The filescanner currently pushes parallelisation to its extremes by having each directory scan independently on the global concurrent queue. That explains the massive amount of spawned threads you are seeing. A solution to this might be to rewrite the scanner to establish and maintain a reasonable small amount of managed queues that limit this extensive concurrency but still bring noticeable speed ups for the scanning process.

IIRC this is on the todo list.

x42 commented 12 years ago

Hi elwertk,

Thanks. Your explanation make sense. The top-level dir here contains > 5000 Folders (artists), each of which has at least one more folder (album) inside...

I've just symlinked all files into a single folder. A directory with >100k entries performs horribly in general but it certainly is good enough for listening to music.. Doing so works around the issue with forked-daapd: it now spawns 1 scanner thread and stays below 20MB of RSS and below 100MB of VM).

Now one may come up with a balanced tree structure to symlink files into an acceptable amount of folders, but the issue should rather be fixed in the daapd-filescanner.

x42 commented 12 years ago

PS. Does this /pushes parallelisation to its extremes/ really make sense here? The bottle-neck is I/O and not CPU power.

I've just split the symlinks up into 4 folders. Now I get 4 scanner-threads. but the total CPU is down from 25% (quad-core, 1 scanner thread) to ~15% with with the disk (RAID5) seeking loudly..

elwertk commented 12 years ago

No not really. As stated above a reasonable amount of concurrency would be the way to go to scale this right.

ghost commented 12 years ago

I'm guessing this never got fixed since mine keeps crashing with out of memory errors.

renpoo commented 11 years ago

Hi all! I'm new to here github.

Today I'd tried to build a Music Server on Ubuntu Server, it was a tough task. Finally I got success to make this forked-daapd work but faced this trouble. I have massive music library already on iTunes over 8,000 musics. And the scanner got to fail with "cannot memory alocate".

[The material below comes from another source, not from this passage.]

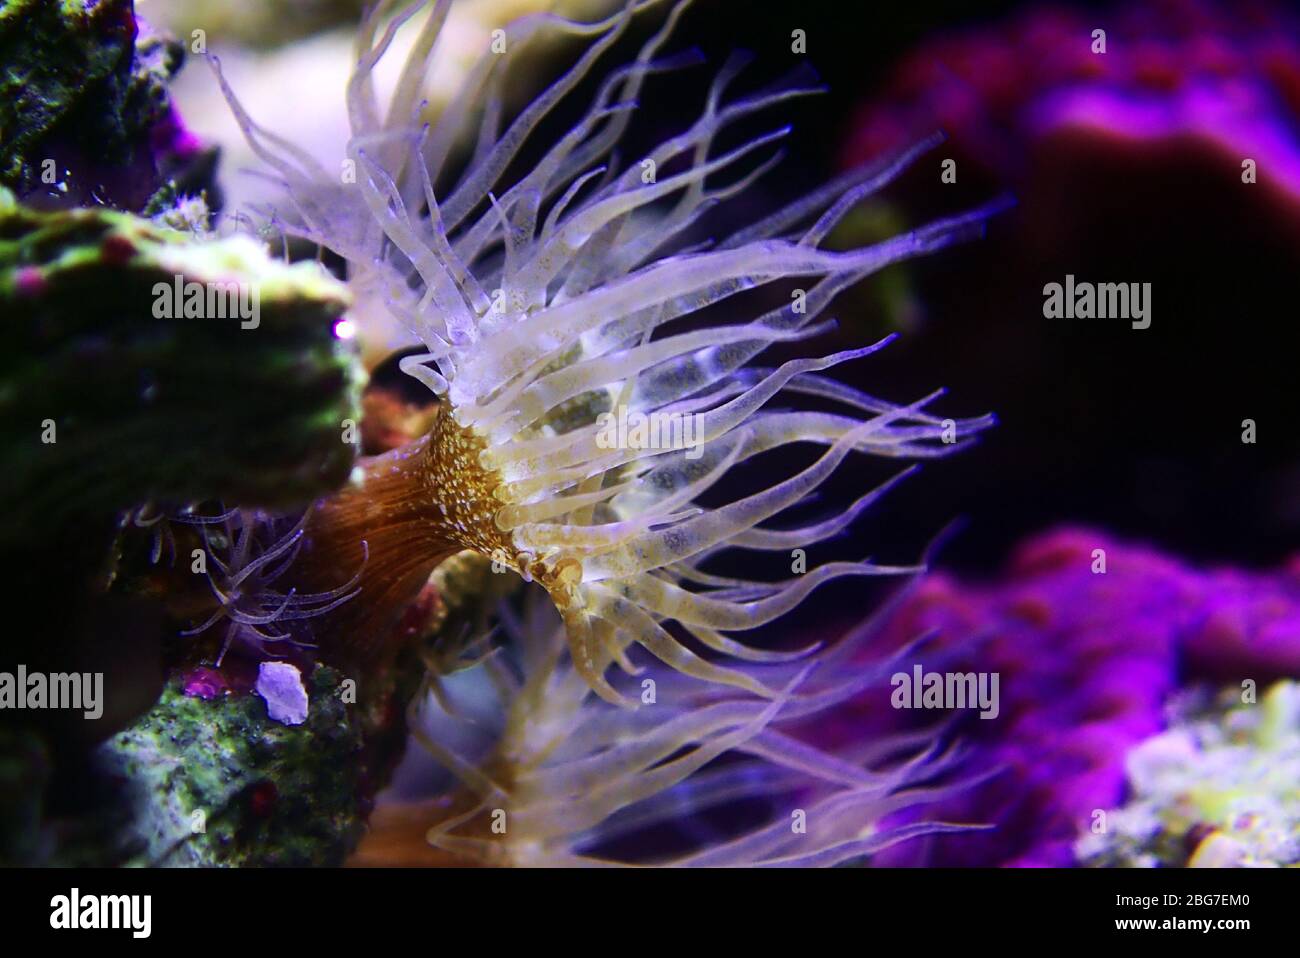 Small glass anemone pest - Exaiptasia or Aiptasia Pallida Stock Photo

But I found a tricky idea. First of all, clear the music directory once, and then restart the daapd service. After that, I re-copy all of library by rsync. Then, daapd starts scanning one by one (even though there are error log like "scan: Could not lstat() '/media/renpoo/Music HD/iTunes/iTunes Media/Music/Keith Jarrett/Solo Concerts_ Lausanne [Disc 2]/.2-01 Lausanne.wav.CZ1MSH':").

Now my machine is on the scan job. But it seems it is succeeding to make a newer library since I can connect it by rhythmbox and play the sound.

In the conclution, I think this problem must be fixed. Thnx!

elwertk commented 11 years ago

As intense resource consumption of the filescanner caused by massive parallelisation is causing issues for some here is an idea how one may go on limiting concurrency.

Attach code snippet which should cleanly apply to the latest head of the GCD version does so by introducing a semaphore that is base adjusted on the number of file descriptors available to forked daapd. (currently a quarter of that number) as set in here: semaphore = dispatch_semaphore_create(getdtablesize() / 4); dispatch_semaphore_create takes an integer so play arround with it as you like for your tests.

https://gist.github.com/elwertk/6163092

It does limit the excesss of the scanner on my system but haven't done any further testing, leveling or balancing of this. Not saying using file descriptors make a good baseline to effectively limit this but this may give an idea to get people started.

This is largely untested so use with caution